In the Mobile Customer segment, summer 2013 was marked by sharp market acceleration, which Telecom Italia responded to by launching “TIM Special”, an All-Inclusive deal (voice, SMS messaging, Internet and content) exclusively dedicated to new customers, with an extremely economical price of 10 euros per month. This action contributed to driving competitive dynamics, on the one hand, and to defining the benchmark price to which other operators quickly adjusted, on the other. To defend its customer base, Telecom Italia also launched “TIM Ti Regala l’Estate”, which refunded customers in August the amount they spent by July 31, continuing to focus on the "TIM Sconta&Raddopia" portfolio. The aggressive summer promotions of competitors concluded in September, with a resulting decrease in competitive pressure.

In the high-value customer segment, sales campaigns in the third quarter pursued the same objectives as in the prior periods, focusing on defending value through the “TIM X TE” initiative. This initiative offers TIM customers, for a price of 10 euros per month, a bonus on top-ups that increases over time up to 50%, and a next generation smartphone at no additional cost. As a result of this initiative, expenditure was stabilized on over 200,000 customers, with benefits in terms of churn rates and customer satisfaction.

The sharp rise in purchases in the mobile market necessitated the strengthening of "defensive" approaches for the Young customer base in the summer, by launching the Additional Data option, enabling internal migrations via the web, and covering fashion and football with an increasing variety of engaging contests.

The new TIM YOUNG deal (minutes, SMS messaging, data, #friend) was also launched, which adds a voice option to the additional data option that is highly requested by the post-university target market, thus extending the low price to the entire TIM community.

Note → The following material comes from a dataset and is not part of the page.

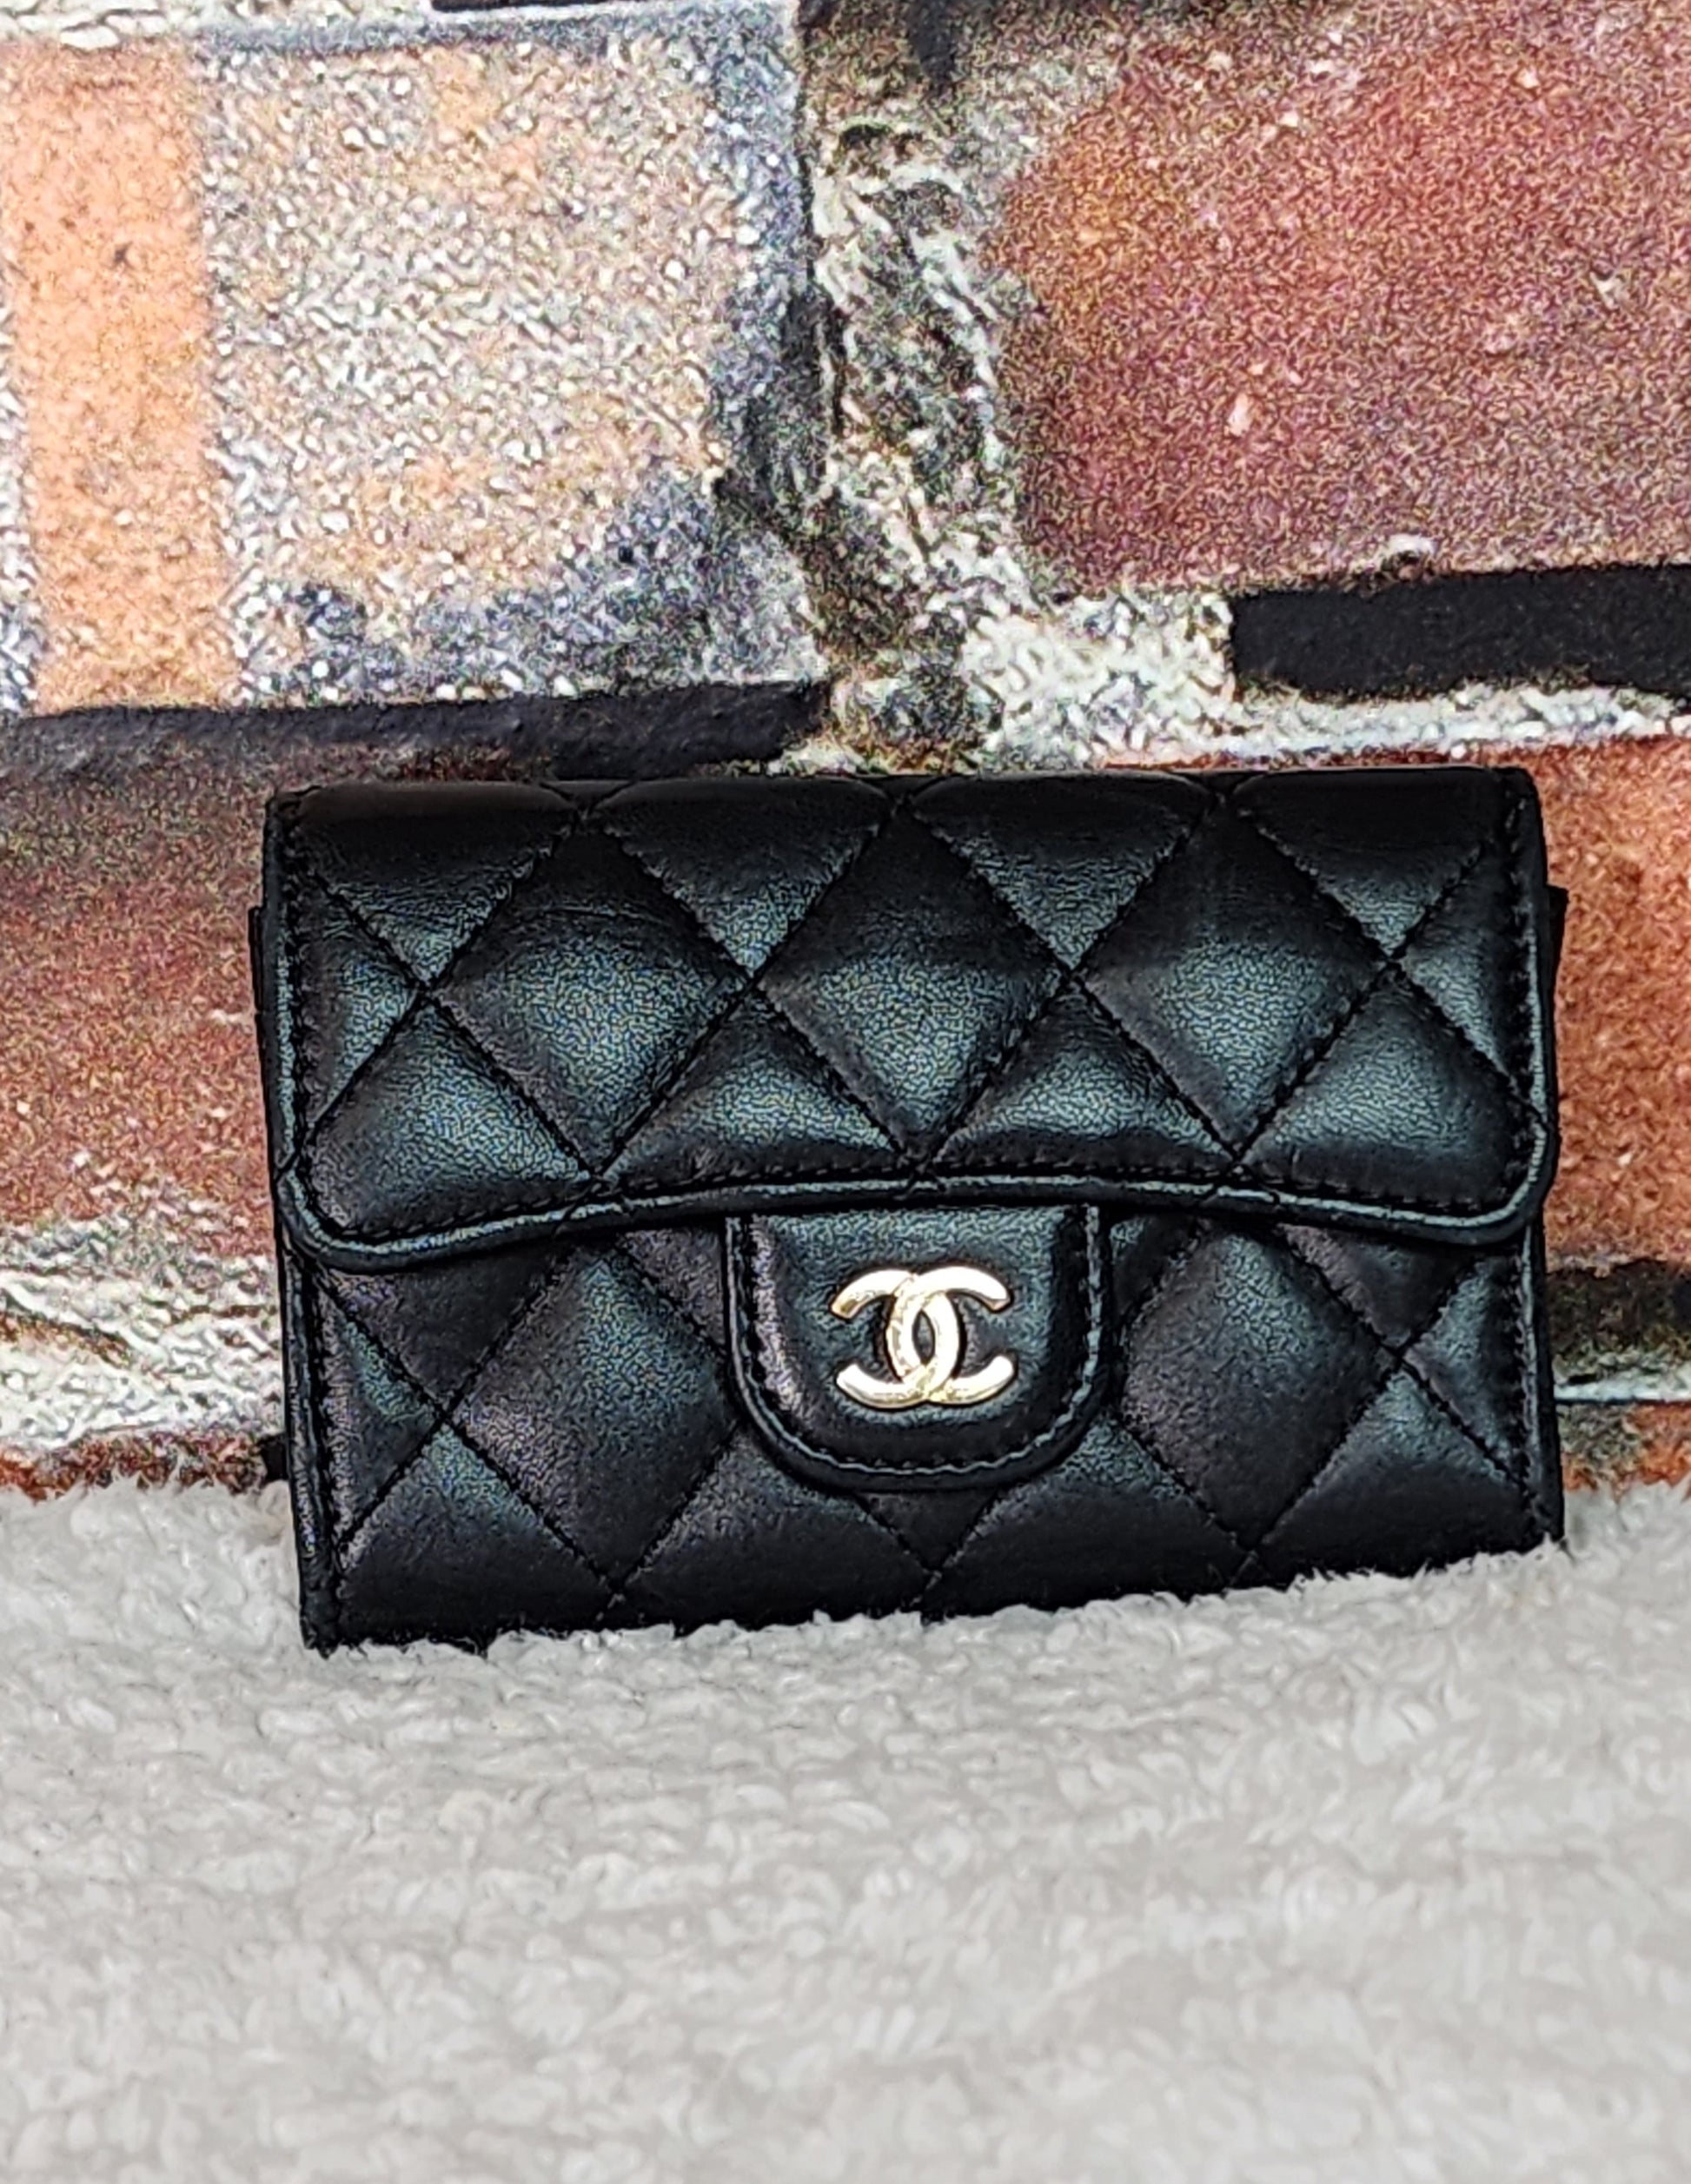 Pre-Loved Chanel Quilted Lambskin Coin Purse – The Sparkling Spur

For the ethnic segment, the portfolio of deals was expanded in the summer with the new TIM International XL option, which, in addition to international calls at favorable prices, also includes a national traffic component, offering unlimited calls to TIM numbers and 250 minutes to other fixed-line and mobile operators. The goal of TIM International XL is to bring ethnic communities to TIM thanks to unlimited on-net calls, while offering flat-rate minutes to continue to call contacts who have not yet switched to TIM at no additional cost.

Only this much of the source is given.